Michael Foster Jr. (born January 16, 2003) is an American professional basketball player for the Delaware Blue Coats of the NBA G League.

High school career
Foster attended Washington High School of Information Technology in Milwaukee, Wisconsin. He led his team to a state runner-up finish in each of his first two years. For his junior season, Foster transferred to Hillcrest Prep in Phoenix, Arizona. As a senior, he averaged 32.2 points and 18.4 rebounds per game. Foster was named to the McDonald's All-American Game and Jordan Brand Classic rosters.

Recruiting
Foster was rated a five-star recruit by ESPN and 247Sports, and a four-star recruit by Rivals. As a freshman in high school, Foster committed to playing college basketball for Arizona State, but reopened his recruitment in the following year. On April 23, 2021, he announced that he would join the NBA G League, forgoing college basketball. He chose the G League over offers from Florida State and Georgia.

Professional career

NBA G League Ignite (2021–2022)
On April 23, 2021, Foster signed with the NBA G League Ignite, a developmental team affiliated with the NBA G League.

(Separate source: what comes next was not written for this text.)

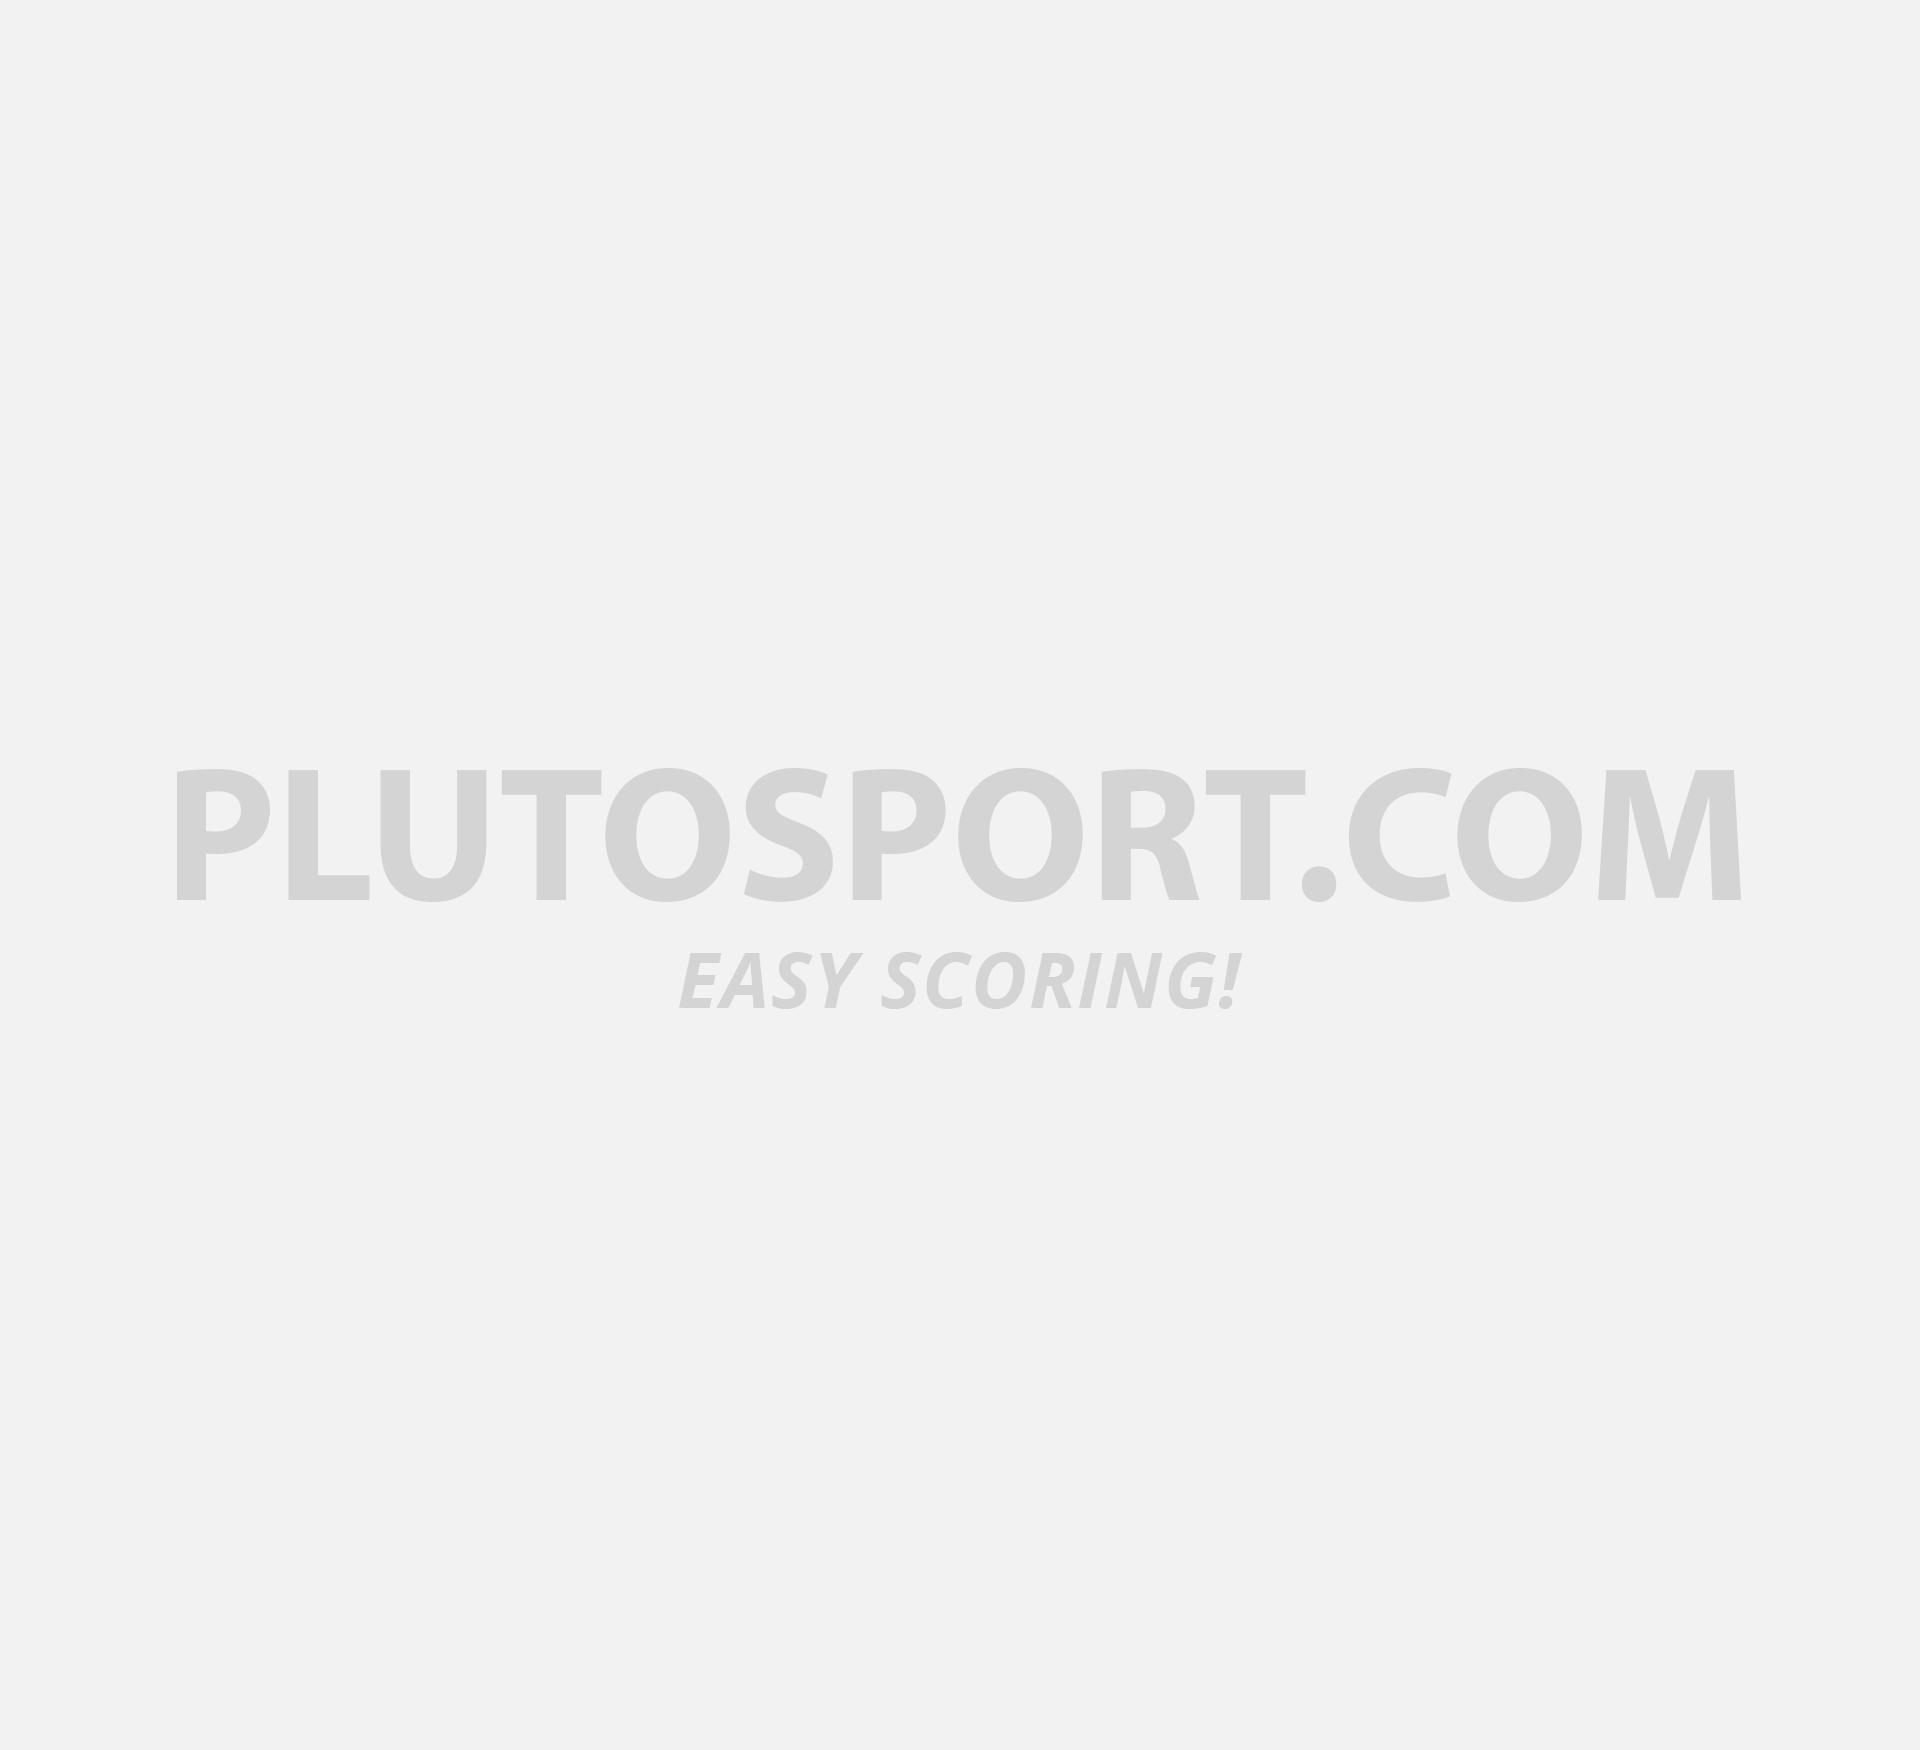 9340fec31805 Puma Smash Platform L - Sneakers - Shoes - Lifestyle - Sports ...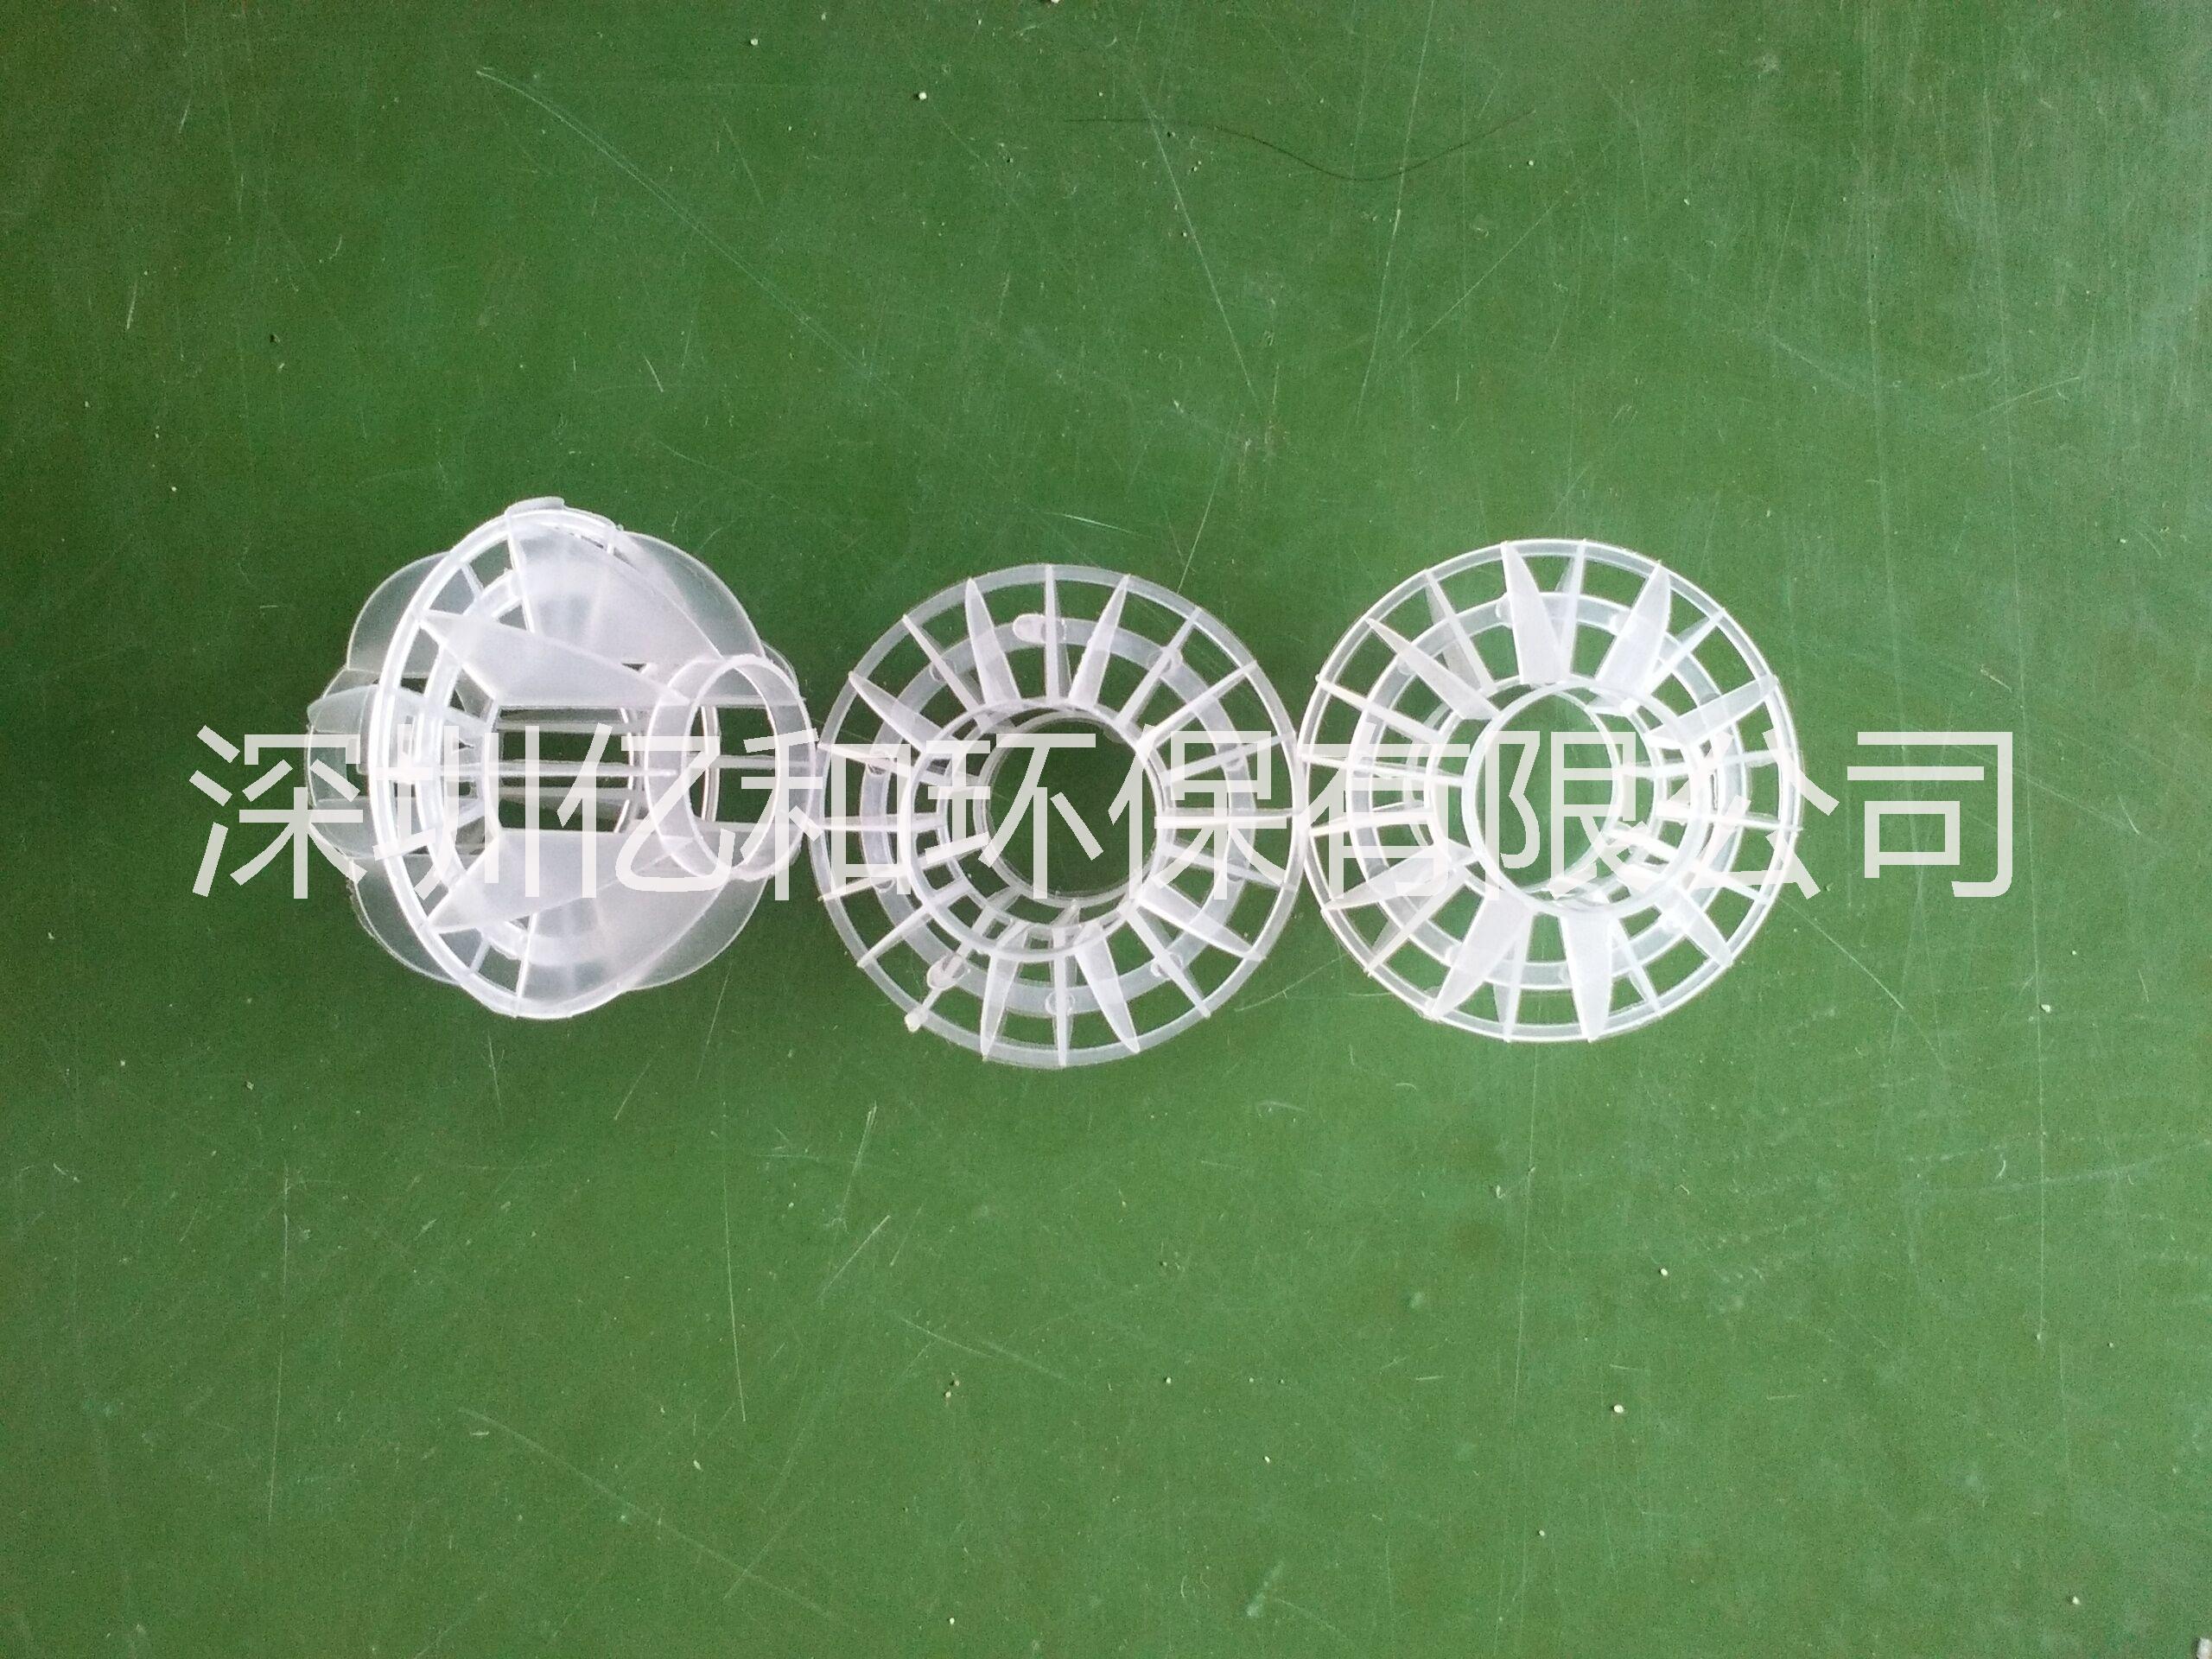 供应用于废气塔填料|废气净化塔填|pp填料的pp空心球

Philadelphia 76ers (2022) 
After going undrafted in the 2022 NBA draft, Foster signed an Exhibit 10 contract with the Philadelphia 76ers. Foster joined the 76ers' roster in the 2022 NBA Summer League. In his Summer League debut, Foster scored five points in a Salt Lake City Summer League game against the Memphis Grizzlies. On October 16, 2022, Foster's contract was converted to a two-way. He was released into free agency on November 23 following the signing of Saben Lee.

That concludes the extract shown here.